• **WHAT THE EXERCISE ASKS**:
From the data that follows, set down exactly the lines from the one with "Nike Foamposite Pro Electric Blue" through the one with "28 07 2012 IPON", counting both. Pictures stay out.

• **THE DATA**:
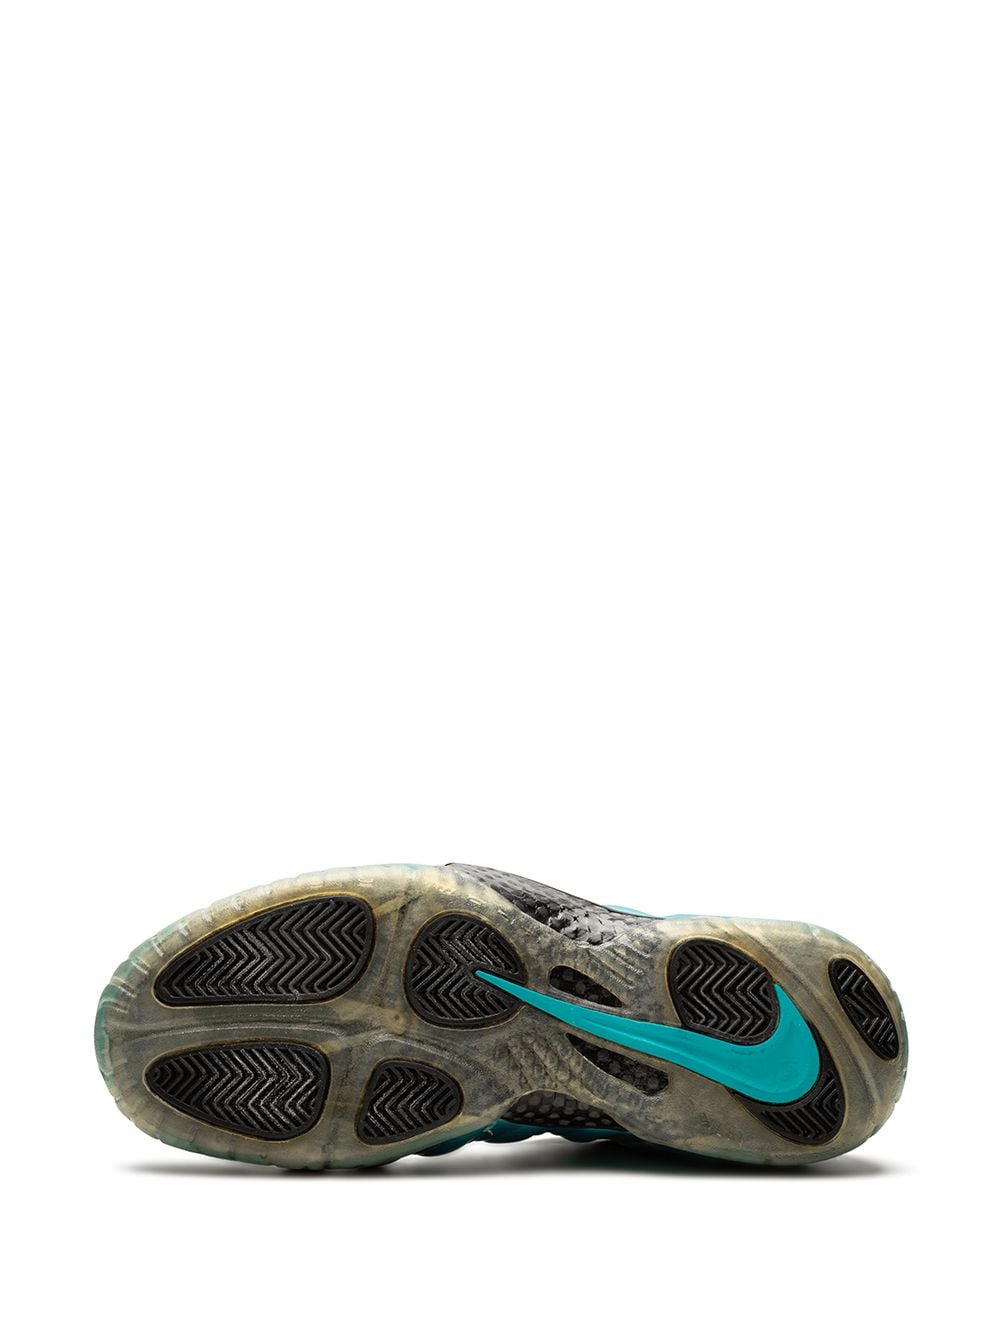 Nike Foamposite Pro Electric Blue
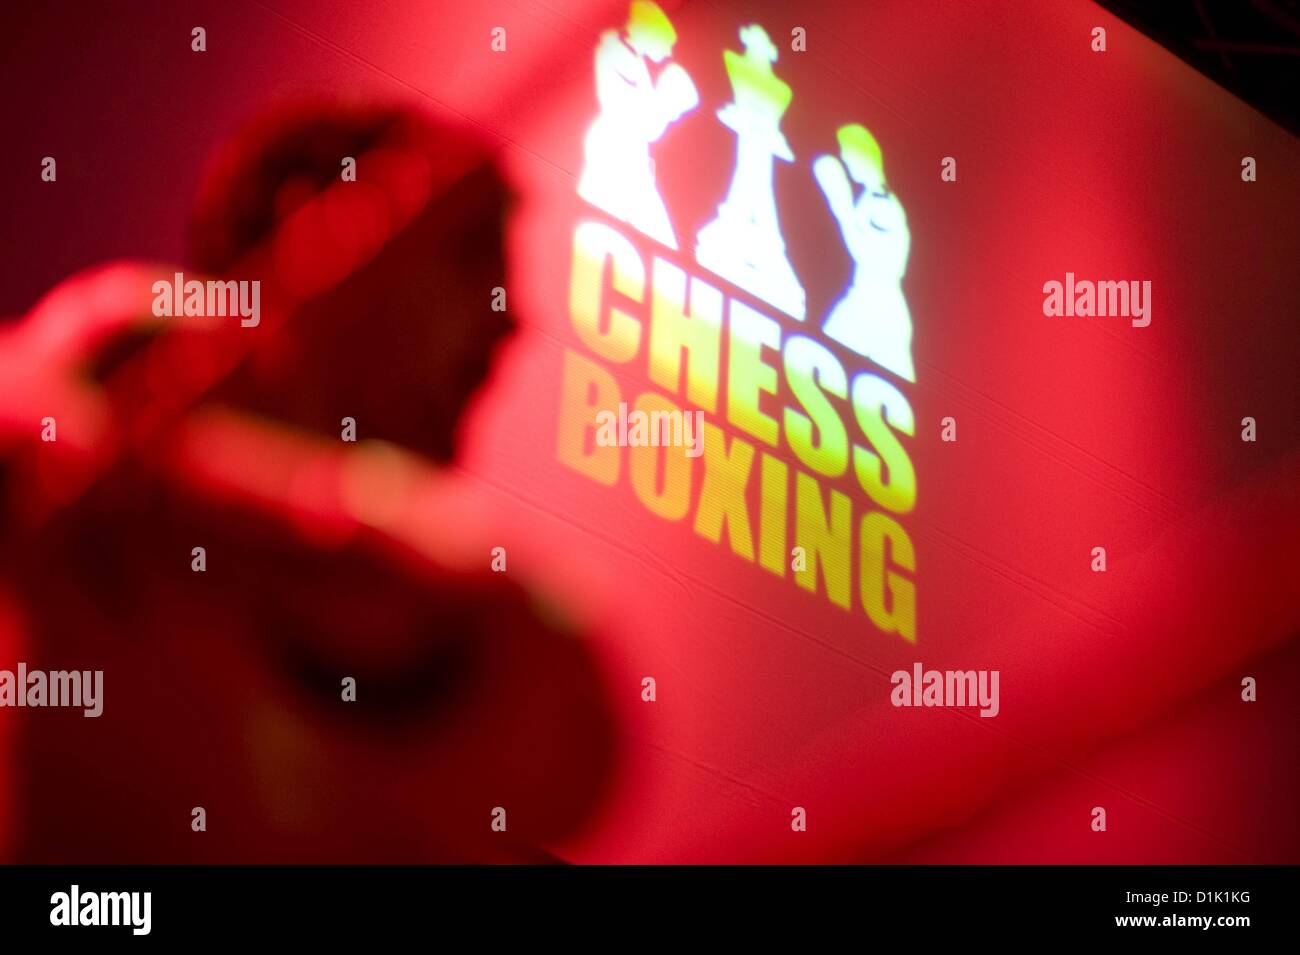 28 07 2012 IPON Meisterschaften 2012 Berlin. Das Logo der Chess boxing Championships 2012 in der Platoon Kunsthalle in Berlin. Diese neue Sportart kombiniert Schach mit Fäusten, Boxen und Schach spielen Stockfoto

==

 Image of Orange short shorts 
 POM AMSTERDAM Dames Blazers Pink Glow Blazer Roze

• **RESPONSE TO THE EXERCISE**:
 Nike Foamposite Pro Electric Blue
 28 07 2012 IPON Meisterschaften 2012 Berlin. Das Logo der Chess boxing Championships 2012 in der Platoon Kunsthalle in Berlin. Diese neue Sportart kombiniert Schach mit Fäusten, Boxen und Schach spielen Stockfoto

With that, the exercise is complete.